Support Vector Machine (SVM) is a widely used machine learning technique for classification and regression tasks. Its key principle is to identify a hyperplane that separates the data points into two classes with the largest margin. The margin is the distance between the hyperplane and the closest data points of both classes. SVM is ideal for linear classification tasks, but if the data points cannot be separated linearly, a kernel function is used to move them to a higher-dimensional feature space where they may become separable.

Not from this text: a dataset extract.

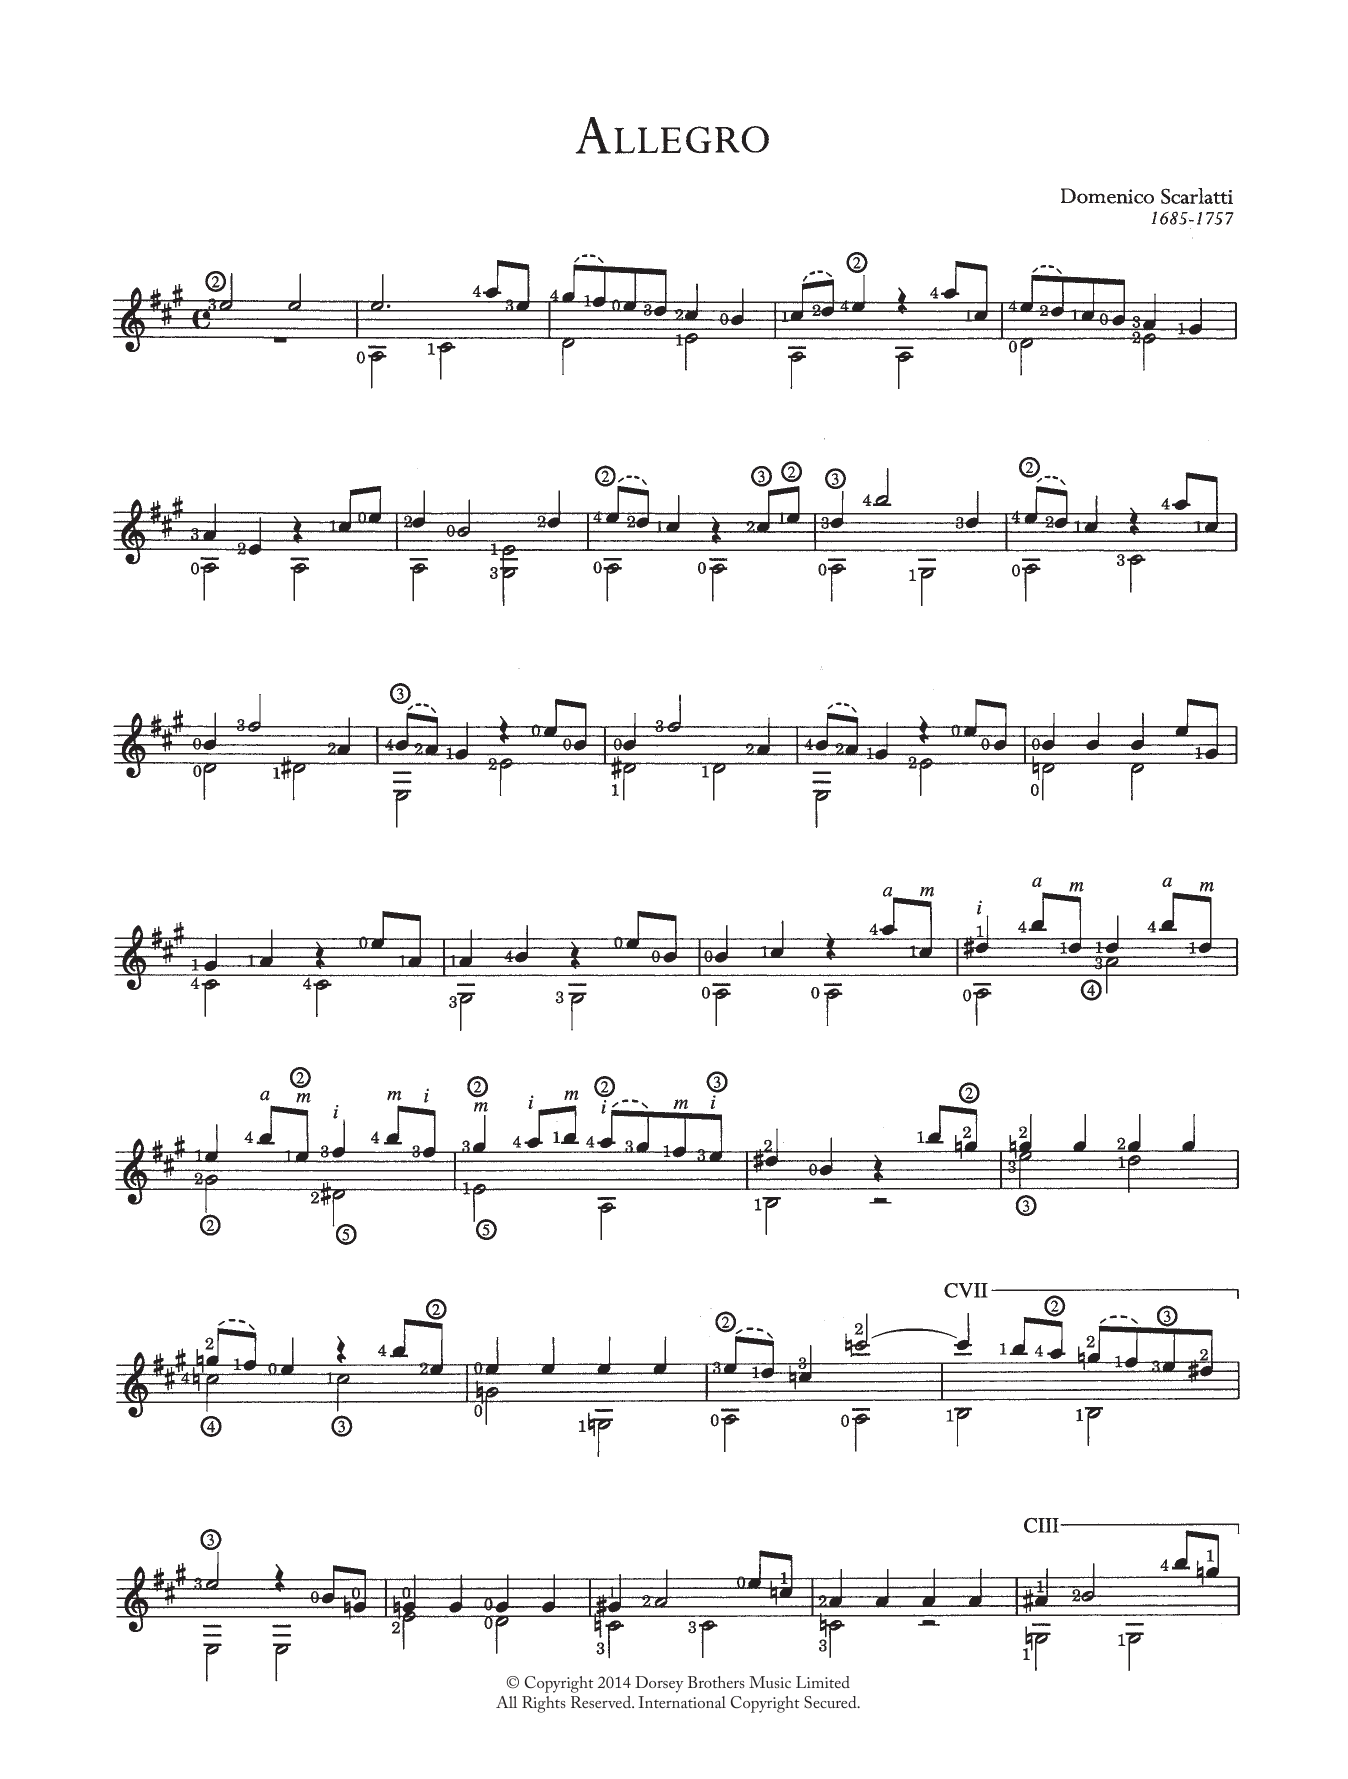 Domenico Scarlatti Allegro Sheet Music Notes & Chords for Guitar - Download or Print PDF

SVM is widely used in various industries due to its ability to handle complex datasets and high accuracy. SVM can employ various kernel functions, including linear, polynomial, and radial basis functions. Nonetheless, the choice of kernel function may impact the model's accuracy and training speed. In practice, it is necessary to fine-tune the SVM parameters for optimum performance, and it is critical to prevent overfitting by selecting an optimal margin.
import pandas as pd
import numpy as np
from sklearn.model_selection import train_test_split
from sklearn.svm import SVC
from sklearn.metrics import accuracy_score, precision_score, recall_score, f1_score, roc_curve, auc
from sklearn.impute import SimpleImputer
from sklearn.preprocessing import StandardScaler
import matplotlib.pyplot as plt
cancer = pd.read_csv(cancar.csv)
cancer.columns = ["id", "diagnosis", "radius_mean", "texture_mean", "perimeter_mean", "area_mean", "smoothness_mean", "compactness_mean", "concavity_mean", "concave_points_mean", "symmetry_mean", "fractal_dimension_mean", "radius_se", "texture_se", "perimeter_se", "area_se", "smoothness_se", "compactness_se", "concavity_se", "concave_points_se", "symmetry_se", "fractal_dimension_se", "radius_worst", "texture_worst", "perimeter_worst", "area_worst", "smoothness_worst", "compactness_worst", "concavity_worst", "concave_points_worst", "symmetry_worst", "fractal_dimension_worst"]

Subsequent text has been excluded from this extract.